Tuesday, August 31, 2010

Chicago DUI attorney comments on stopping red-light cameras

This Chicago DUI attorney was frustrated today.  She was behind a truck that stopped at a green light.  No, there wasn’t anything in front of the truck that caused it to stop.  It was a stale green light at a River North intersection that has a red light camera.  Luckily, there was not an accident.  Thankfully, at least some are re-considering whether these cameras are a good idea.

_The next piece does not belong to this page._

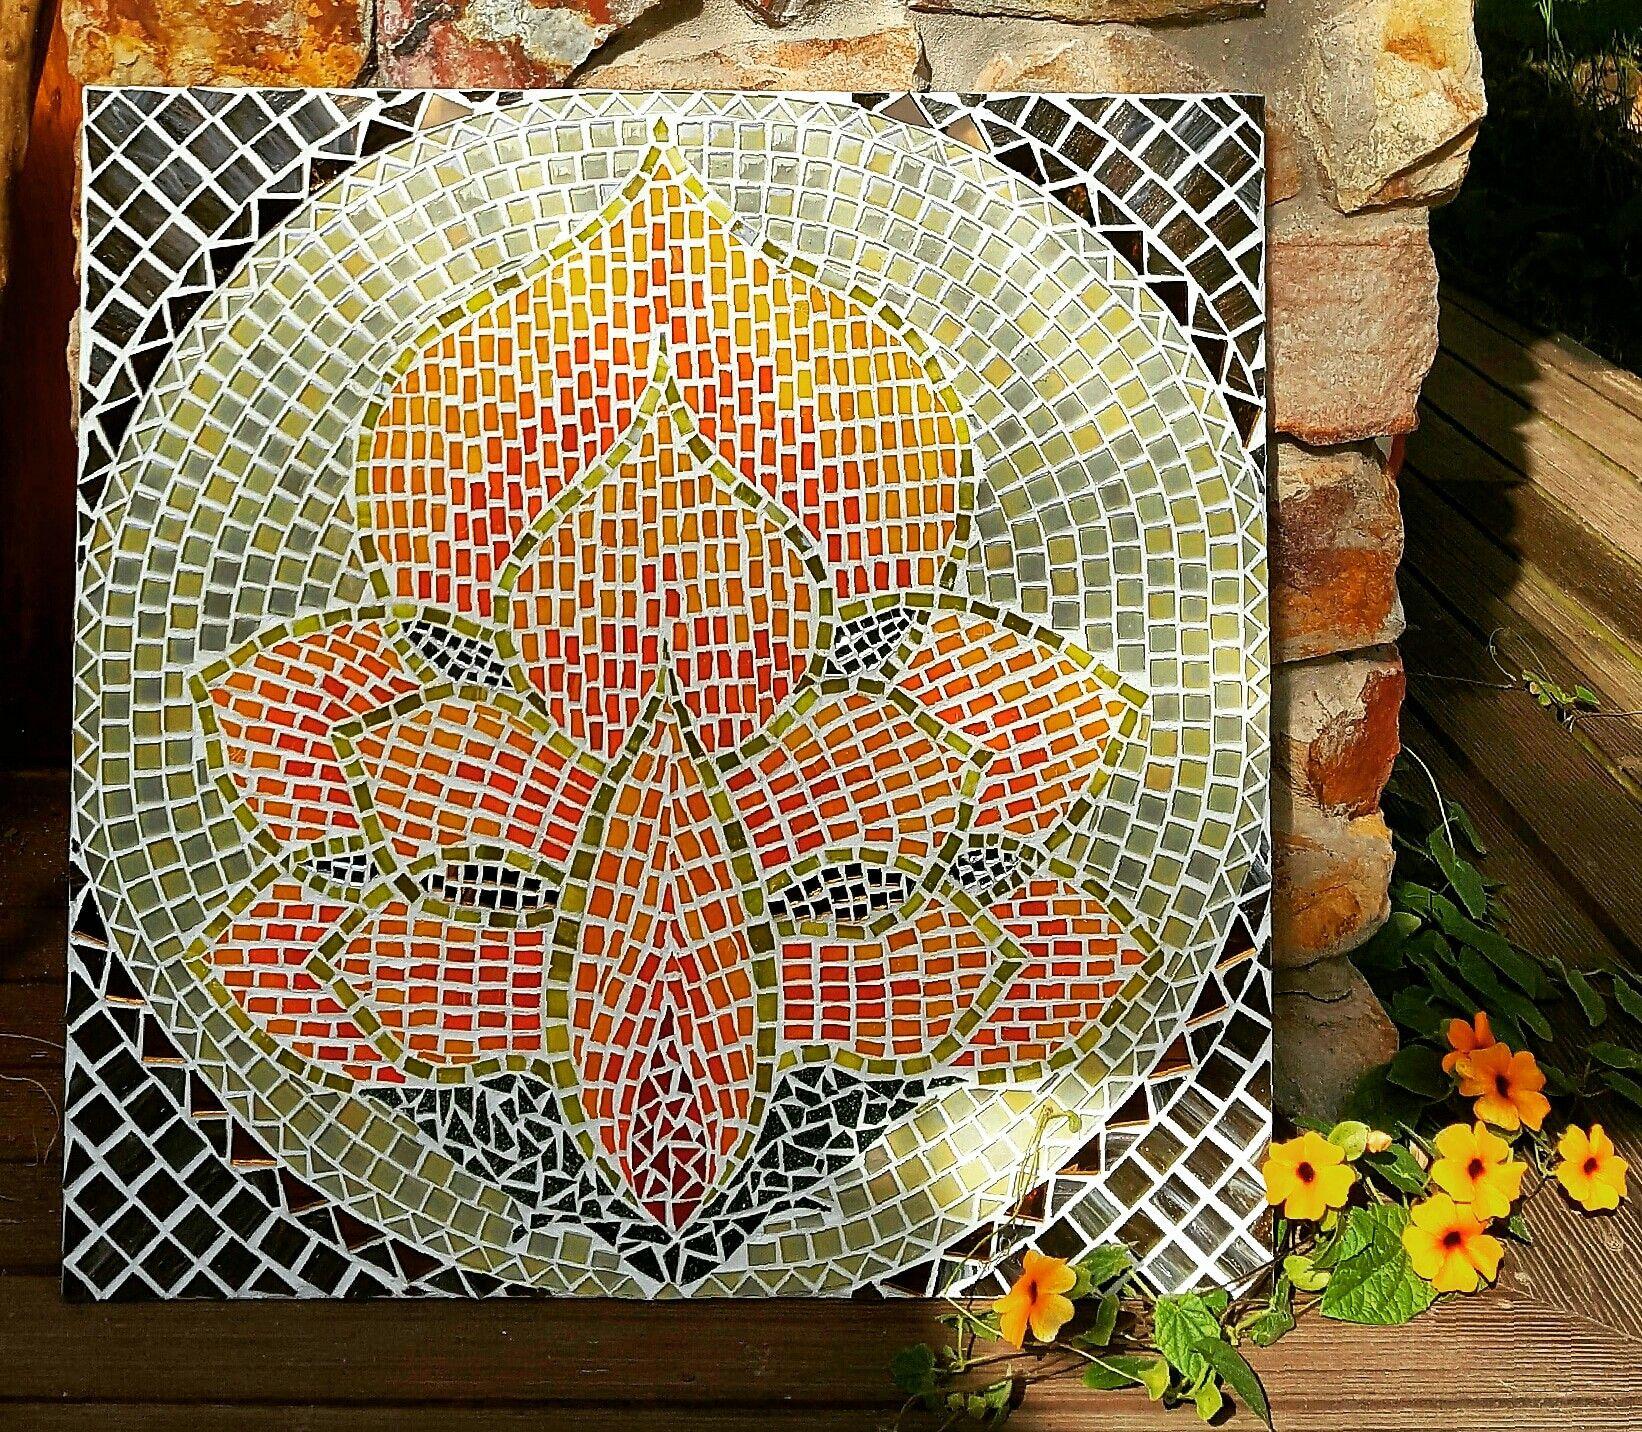 Lotus Flower Mosaic By Jo Holmwood Mozaic Ideas Pinterest Mosaics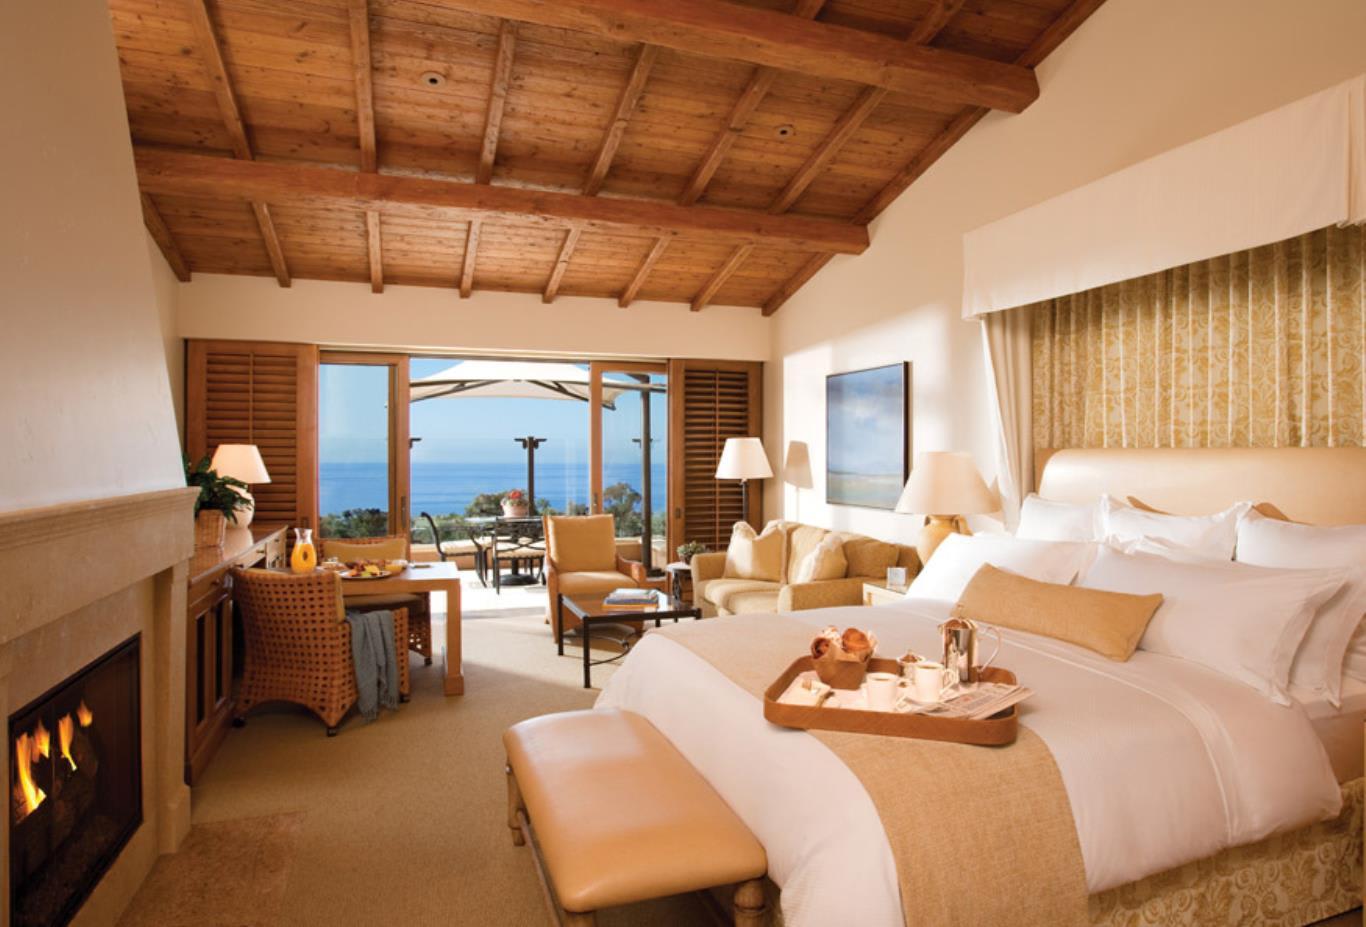 Bungalow Guest Room

 Cook County Commissioner Timothy Schneider believes he has seized the initiative to turn back a red-light-camera program with the legal finding that the county can't arbitrarily impose it on municipalities.
County Board President Todd Stroger and Commissioner Joseph Mario Moreno, both Chicago Democrats, have pushed the program by insisting that the county could press the responsibility for maintaining an intersection on any municipality that rejected placing a red-light camera there. High maintenance costs would all but force local governments to accept the controversial cameras wherever the county wanted to place them. Both Stroger and Moreno said they had the legal backing of the Cook state's attorney's office on that opinion.
Yet Schneider received a letter earlier this month from Deputy State's Attorney Patrick Driscoll Jr., liaison to the county board, stating that "no such opinion exists."
Schneider hopes the legal opinion stops the proposed county-run red-light cameras in their tracks, though the issue could come up again before the county board as soon as Tuesday.
"The written opinion only restated what we already knew, what I thought to be the case, that it did require a joint decision between the county and the local municipality to either trade roads or give up any roadways," said the Bartlett Republican. "The fact of the matter is, they had no legs to stand on."
Schneider didn't accuse Stroger and Moreno of outright lying on the issue, but he did call it "a reckless decision they came to that had no basis in fact or law."
Anyone else think the red-light cameras are more of a cash cow than a safety net for people throughout the County?